◆ Your objective ◆
Go through the entries below and print, exactly, the lines starting at the one with "puma original shoes" and ending at the one with "Nike Little Boys'", keeping both ends and no others.

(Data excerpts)
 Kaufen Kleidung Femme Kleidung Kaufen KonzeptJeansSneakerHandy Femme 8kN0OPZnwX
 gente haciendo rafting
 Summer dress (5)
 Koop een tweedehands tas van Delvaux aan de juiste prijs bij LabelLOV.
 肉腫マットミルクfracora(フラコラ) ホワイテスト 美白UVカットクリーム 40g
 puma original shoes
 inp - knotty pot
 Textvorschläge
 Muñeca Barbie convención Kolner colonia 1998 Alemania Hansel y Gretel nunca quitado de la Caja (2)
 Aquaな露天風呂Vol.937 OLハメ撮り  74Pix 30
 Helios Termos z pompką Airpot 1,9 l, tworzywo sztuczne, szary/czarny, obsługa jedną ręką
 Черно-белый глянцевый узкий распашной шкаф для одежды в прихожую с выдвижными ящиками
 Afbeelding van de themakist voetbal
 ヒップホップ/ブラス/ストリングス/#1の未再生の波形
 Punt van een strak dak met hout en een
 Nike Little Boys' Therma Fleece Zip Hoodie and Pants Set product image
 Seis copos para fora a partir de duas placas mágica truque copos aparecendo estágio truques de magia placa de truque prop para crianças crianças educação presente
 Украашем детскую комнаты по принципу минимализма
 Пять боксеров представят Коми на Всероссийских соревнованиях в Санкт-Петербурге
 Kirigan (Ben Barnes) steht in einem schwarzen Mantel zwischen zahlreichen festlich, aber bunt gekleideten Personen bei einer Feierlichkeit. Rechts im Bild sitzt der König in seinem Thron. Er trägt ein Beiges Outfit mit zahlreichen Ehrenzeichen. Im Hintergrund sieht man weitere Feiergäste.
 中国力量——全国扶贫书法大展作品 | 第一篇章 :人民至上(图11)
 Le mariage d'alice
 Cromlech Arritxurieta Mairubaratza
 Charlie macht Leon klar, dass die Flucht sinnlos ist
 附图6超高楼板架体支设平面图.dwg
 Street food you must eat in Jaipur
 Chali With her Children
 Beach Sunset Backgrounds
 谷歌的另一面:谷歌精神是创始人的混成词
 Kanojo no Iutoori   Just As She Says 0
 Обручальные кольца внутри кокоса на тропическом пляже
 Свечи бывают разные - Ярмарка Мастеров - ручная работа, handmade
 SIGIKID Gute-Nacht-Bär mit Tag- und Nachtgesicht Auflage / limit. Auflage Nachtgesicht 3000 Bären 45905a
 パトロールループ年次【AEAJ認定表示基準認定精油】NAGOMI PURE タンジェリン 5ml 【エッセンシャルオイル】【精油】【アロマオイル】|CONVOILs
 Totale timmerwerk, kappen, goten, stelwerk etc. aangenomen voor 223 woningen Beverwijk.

◆ Response area ◆
 puma original shoes
 inp - knotty pot
 Textvorschläge
 Muñeca Barbie convención Kolner colonia 1998 Alemania Hansel y Gretel nunca quitado de la Caja (2)
 Aquaな露天風呂Vol.937 OLハメ撮り  74Pix 30
 Helios Termos z pompką Airpot 1,9 l, tworzywo sztuczne, szary/czarny, obsługa jedną ręką
 Черно-белый глянцевый узкий распашной шкаф для одежды в прихожую с выдвижными ящиками
 Afbeelding van de themakist voetbal
 ヒップホップ/ブラス/ストリングス/#1の未再生の波形
 Punt van een strak dak met hout en een
 Nike Little Boys' Therma Fleece Zip Hoodie and Pants Set product image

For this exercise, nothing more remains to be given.